Petya malware

link1896

Mr Greenfield
Maybe it's the North Koreans, who knows. The methodology was born out of a windows vulnerability the USA home land security discovered. It's mainly delivered by email as an attachment.

It encrypts your hard drive and demands money via bitcoin. It's run wild today. Don't open an email program on a windows PC , best to check your email by webmail and delete anything suspicious. Don't trust attachments from anyone.

Update your antivirus definitions and let windows do a full update.
 

johnny

I'll tells ya!
Staff member
Russia released it into the wild, now it's eating them, just like wannacry did.
 

stirk

Burner
I disabled SMBv1 after wannacry even though my system is up to date with patches. I don't need to print much from my home laptop but I could always enable SMBv1 again if I did ;)

Given it would be difficult to near impossible for the hackers to effectively decrypt all the systems they have captured and the fact the revenue returned for the attack is nil I think these attacks are either learning experiences for young hackers or simply destructive acts. These attacks could take down serious infrastructure systems with fatal implications, these hackers are total fuckwits and should be treated as attempted murderers if caught.
 

link1896

Mr Greenfield
I disabled SMBv1 after wannacry even though my system is up to date with patches. I don't need to print much from my home laptop but I could always enable SMBv1 again if I did ;)

Given it would be difficult to near impossible for the hackers to effectively decrypt all the systems they have captured and the fact the revenue returned for the attack is nil I think these attacks are either learning experiences for young hackers or simply destructive acts. These attacks could take down serious infrastructure systems with fatal implications, these hackers are total fuckwits and should be treated as attempted murderers if caught.
Security Now podcast is going to be interesting, haven't listened to it yet.

Surely the Petya code is dynamic and can roll new email addresses? The German ISP the email account was with kicked the user.

Doubt it's young kids, I'm thinking it's state sponsored.

I've heard horror stories, system backups were on a CIFS share with no authentication, Petya has encrypted user files on a desktop and found the CIFS share and encrypted the backups too.
 

Mr Crudley

Glock in your sock
Surely the Petya code is dynamic and can roll new email addresses? The German ISP the email account was with kicked the user.

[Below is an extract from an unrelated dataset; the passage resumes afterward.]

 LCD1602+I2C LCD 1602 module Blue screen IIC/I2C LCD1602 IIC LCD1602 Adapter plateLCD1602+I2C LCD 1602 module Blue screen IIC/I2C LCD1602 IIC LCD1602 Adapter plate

Doubt it's young kids, I'm thinking it's state sponsored.
Slashdot mentions an update server for some accounting software was comprised and sent out petya. It might have harvested addresses from there onwards.

I'll bet state sponsored too.

For good or bad these things are damn interesting and having nastier payloads all of the time. Pity computers we built on mutual trust and goodwill once upon a time.

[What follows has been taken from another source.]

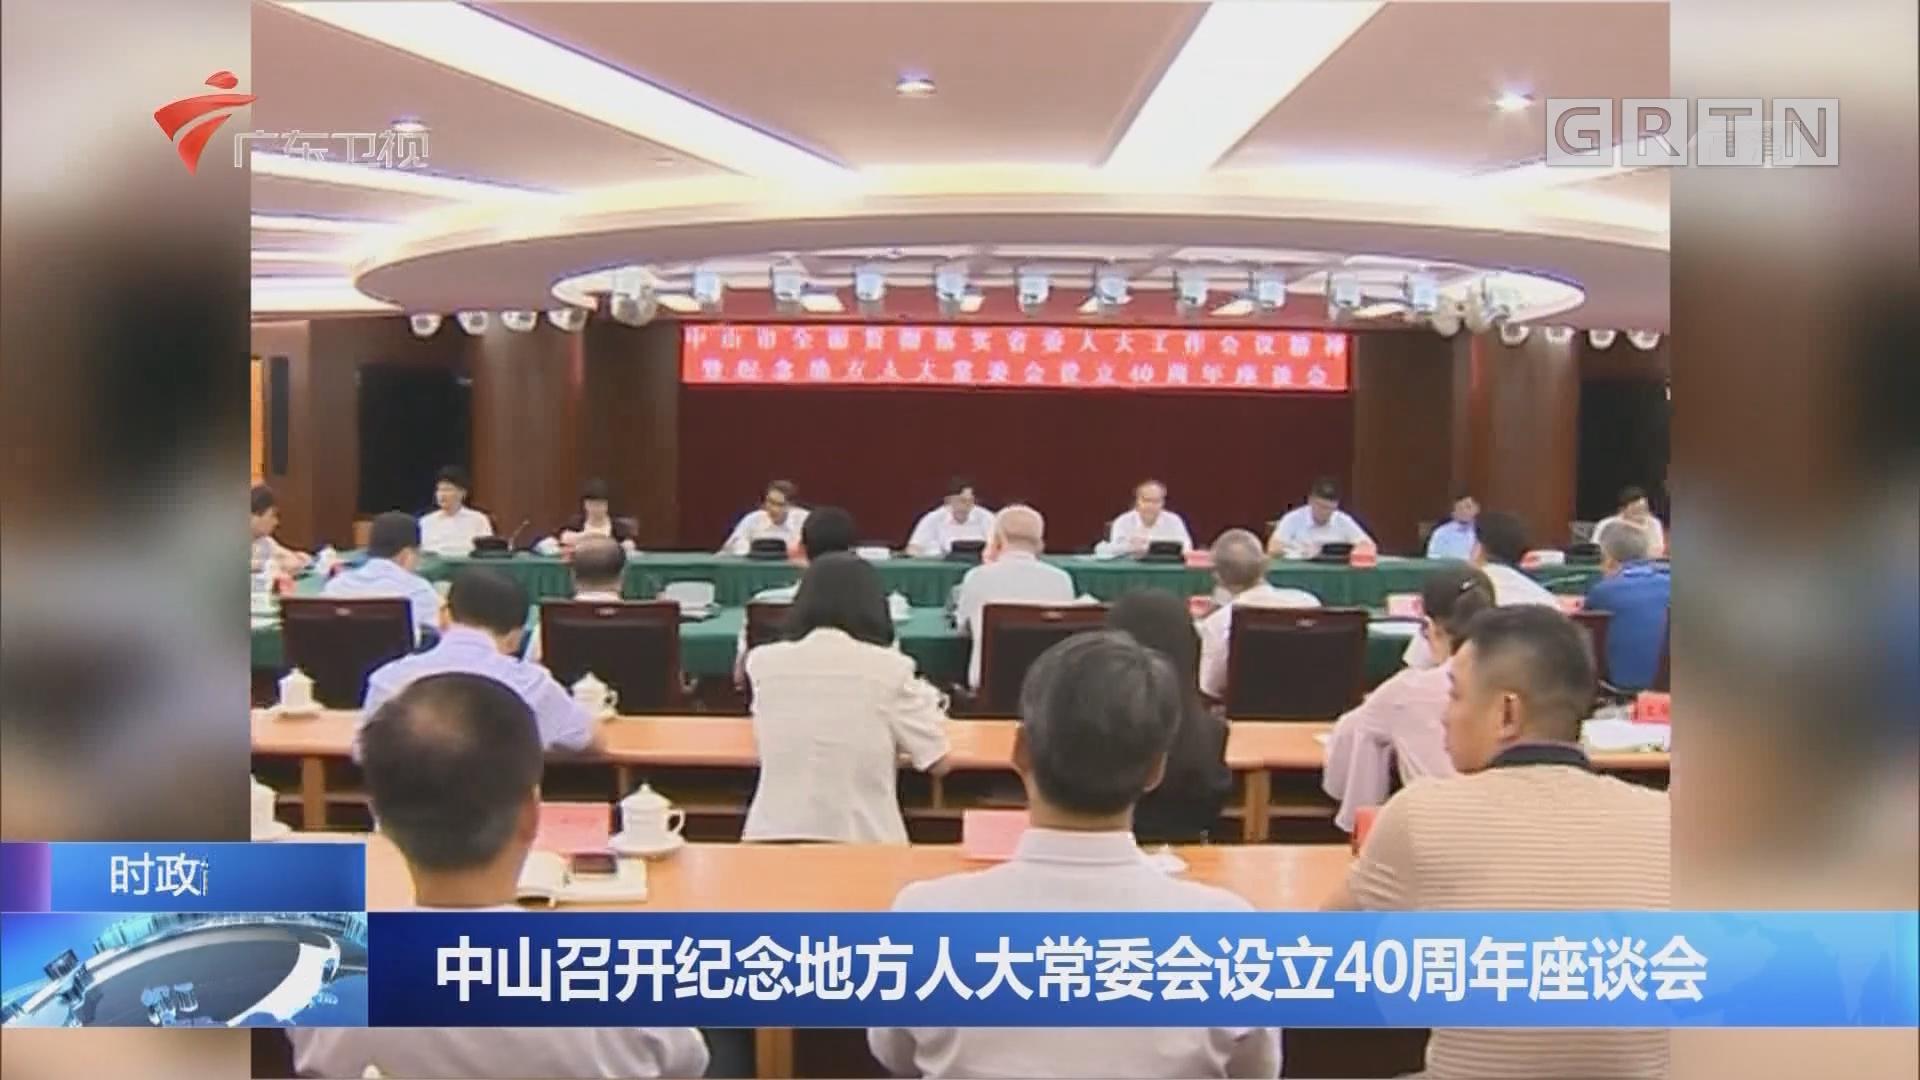 中山召开纪念地方人大常委会设立40周年座谈会

Sent from my F5121 using Tapatalk
 

stirk

Burner
I don't think this is sponsored by any govt or state dictatorship, the impacts to their own systems are too unpredictable. It took out systems at the Chernobyl reactor and could well have caused issues to operational reactors and other govt infrastructure.

Given that some 'leaders' are complete crackpots perhaps it's plausible...
 

johnny

I'll tells ya!
Staff member
These global ransomware attacks are a result of the recent CIA hack the Russians released to divert attention from the probe into electoral interference. These tools are all out in the wild now, could be anyone using them.
 

droenn

Fat Man's XC President
I dunno if this has anything to do with US - seems either Russia trying to further destablise Ukraine or perhaps an internal rogue? Just from quick reading, mind you.